▶ **DATA PROVIDED**
★ ★ ★
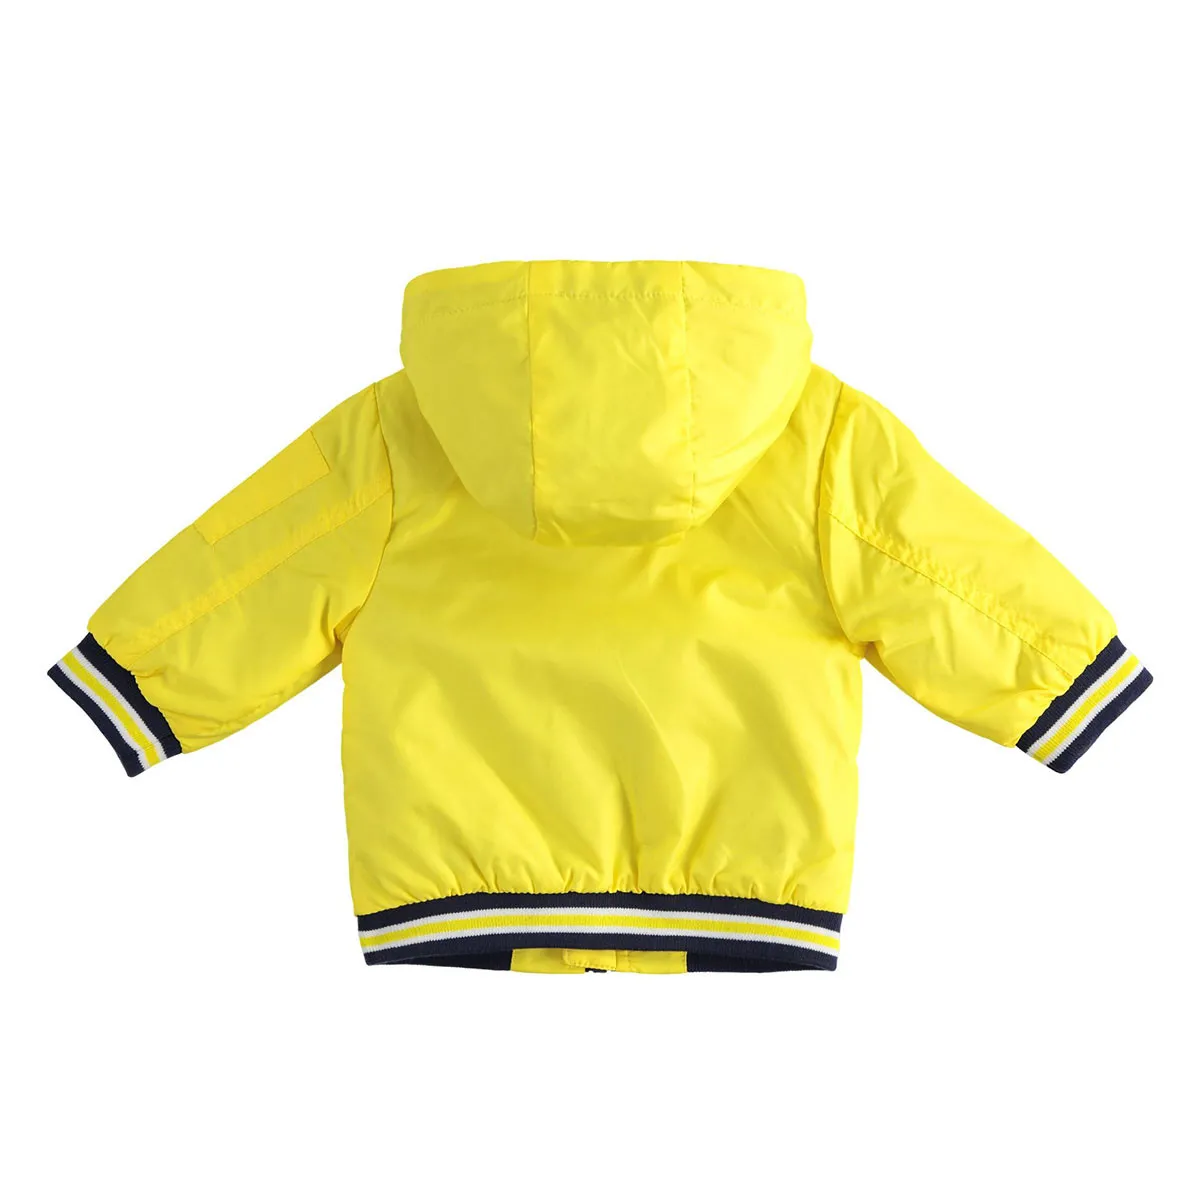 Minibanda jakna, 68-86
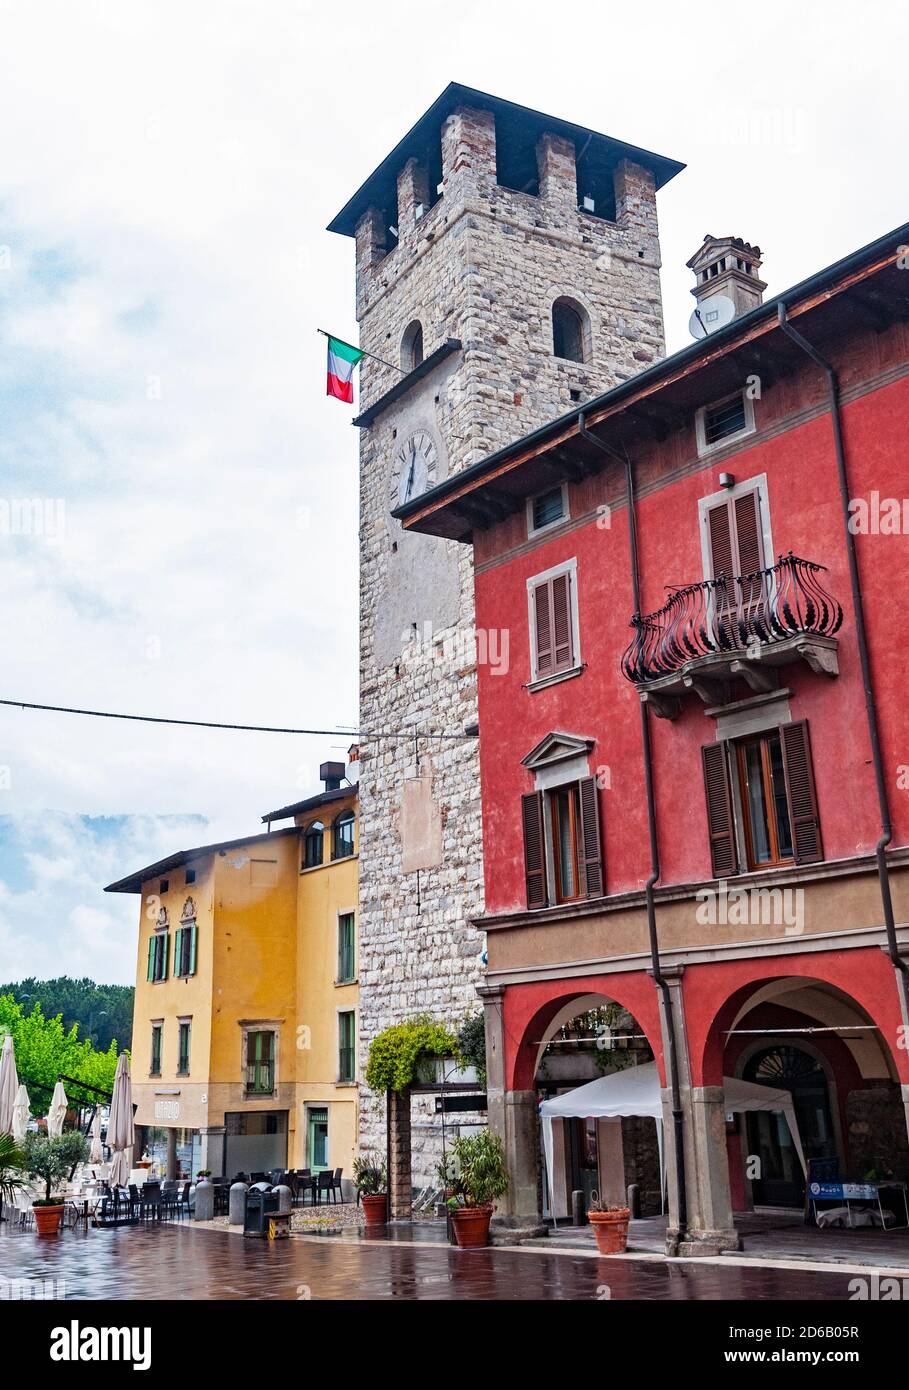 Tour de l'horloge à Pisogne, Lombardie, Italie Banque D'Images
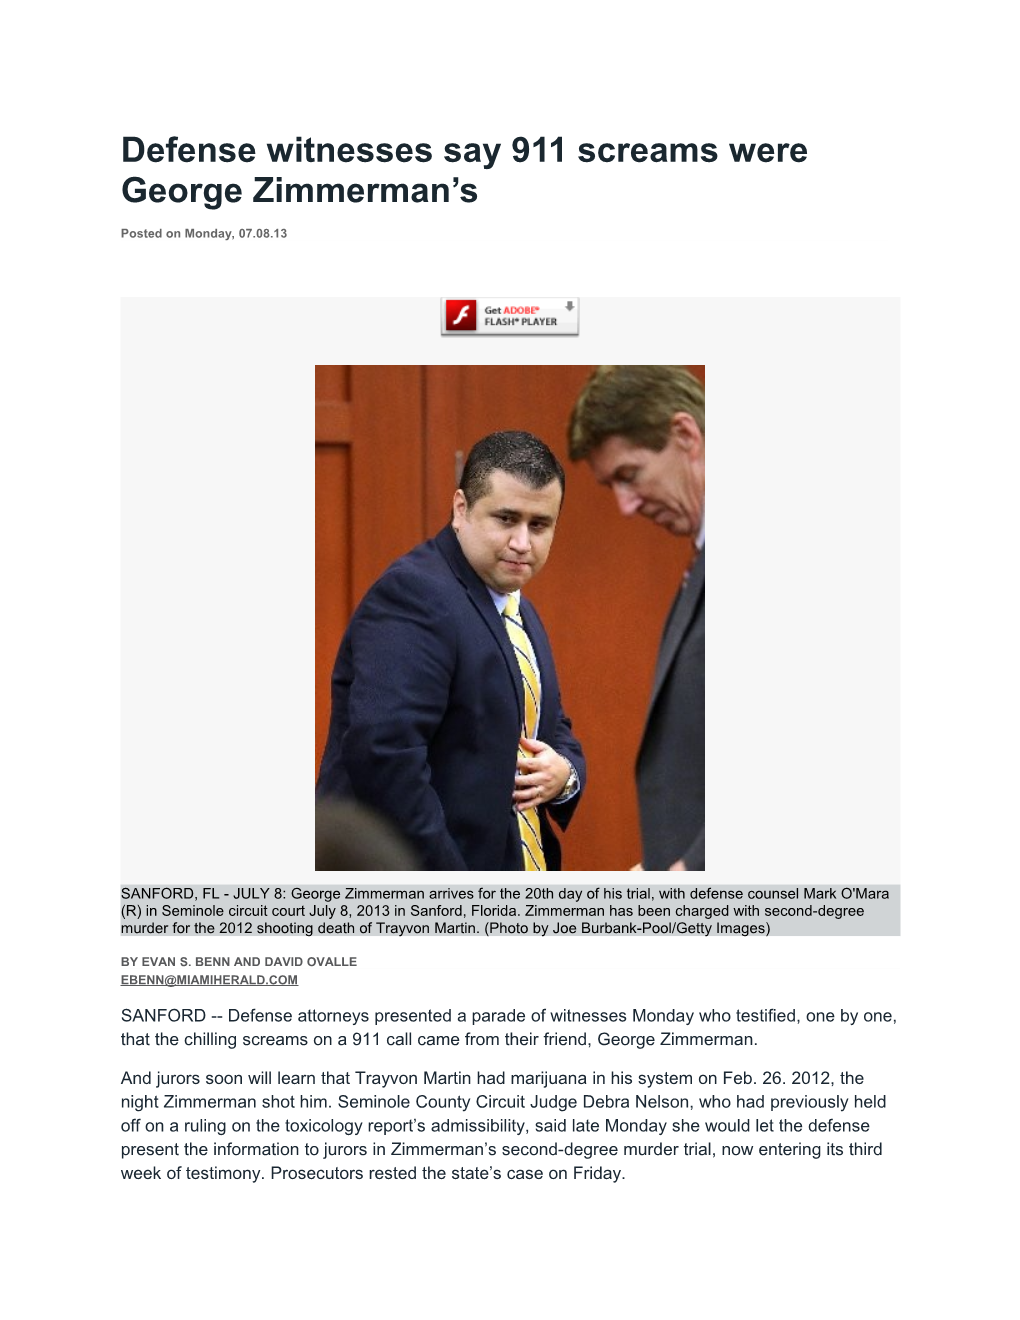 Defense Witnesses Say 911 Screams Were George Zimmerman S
★ ★ ★
▶ **YOUR TASK**
Could you print the listing above exactly, without the pictures?

▶ **RESPONSE BOX**
 Minibanda jakna, 68-86
 Tour de l'horloge à Pisogne, Lombardie, Italie Banque D'Images
 Defense Witnesses Say 911 Screams Were George Zimmerman S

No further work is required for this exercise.